Did you know the real Santa Claus lives in Lapland? He has a huge house in Rovaniemi, where he and Mrs. Claus reside all your round, and together with hundreds of elves. But it goes beyond Santa of course. Finland is abundant with Christmas traditions, and each family has their own. Everything is infused with Christmas. And festivities start early, with some “pre-Christmas” parties, sometimes small ones at friend’s houses, but also bigger corporate events.
Christmas Eve is typically a family event, so on the 24th of December a lot is done: food preparation, tree dressing, sauna session, church service. As to the food, there is a lot of it!
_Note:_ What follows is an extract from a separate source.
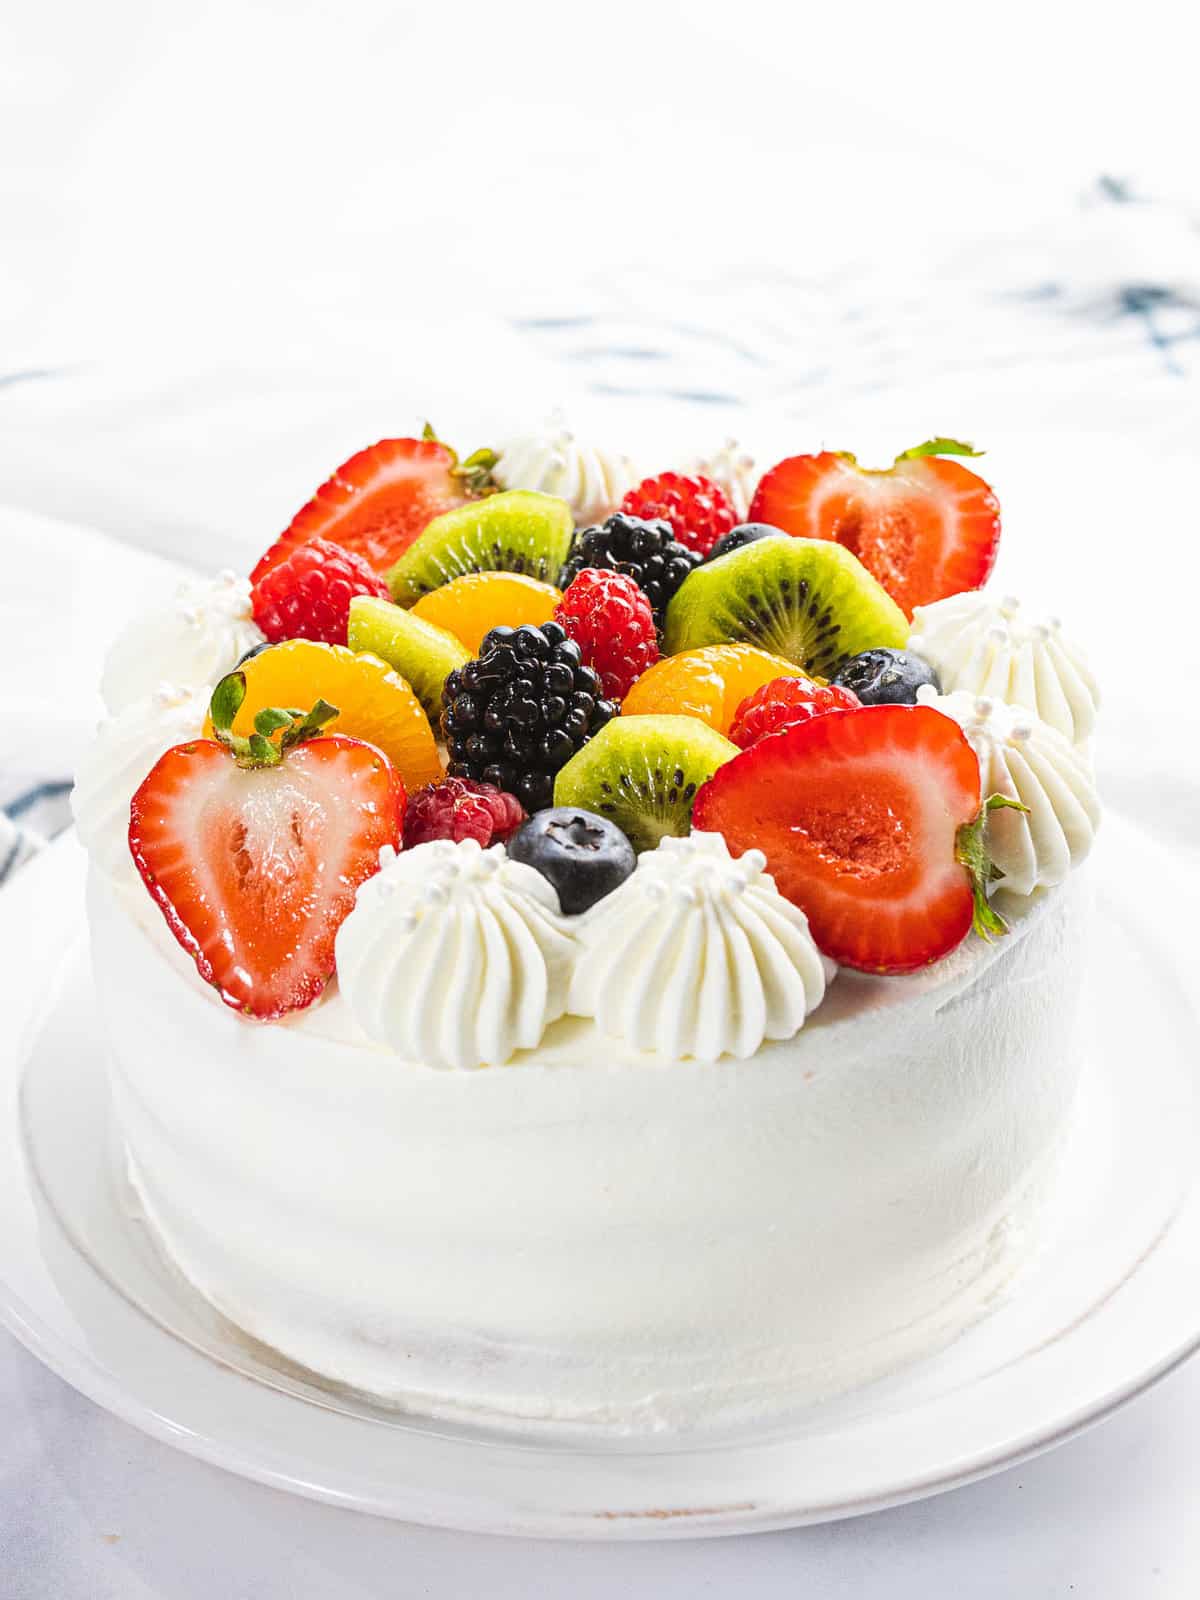 Fresh fruit cake topped with strawberries, kiwi, berries, and whipped cream.

Finns like traditions, so a spread of foods is prepared, and they are the typical ones: Smoked salmon, beet salad, roast, and casseroles, etc…
But the most endearing moment is on that morning, Santa goes on TV, and for 4 hours he takes live calls from children. From young to old, they all get their chance to tell, sing, and talk to Santa, who patiently listens and answers.
And this is maybe the second most important reason for our move. We have a pretty hectic life: with the new baby, the dogs and cats, our workouts (we try to run/bike a bit), meet-ups with friends, and work of course. And it all seems to take 150% of our available time. Some of our preferred activities are such a hassle here, or cannot be done under ideal circumstances. Eg. running dogs. In Finland I can just let the dogs out (woo-woo-woo-woo-woo 😉 ) and go for an hour (or two) hiking and they will follow me. Here in Belgium I have to hook-up the trailer, drive 30 min, and only then can I let them run free in a designated closed off area or leash them up and walk. Life in Lapland is much “simpler” without this being a negative or demeaning word. Some basic things are more difficult, but a remote area also brings a sense of adventure…
This is a tricky one and a big downside. Throughout the years we have built up a close circle of friends in Brussels, across Europe and around the world. Some we have met online, some in person, and some of them left to live somewhere else. And we will miss having them close by…
“If we do meet again, we’ll smile indeed. If not, ’tis true this parting was well made.”
But I have already decided that I’m only going for the first part! And it’s 2020, so we have all of today’s great tech available to us. Heck, we have better 4G at the cabin then we do in downtown Brussels… And of course we welcome everybody also that wants to come over!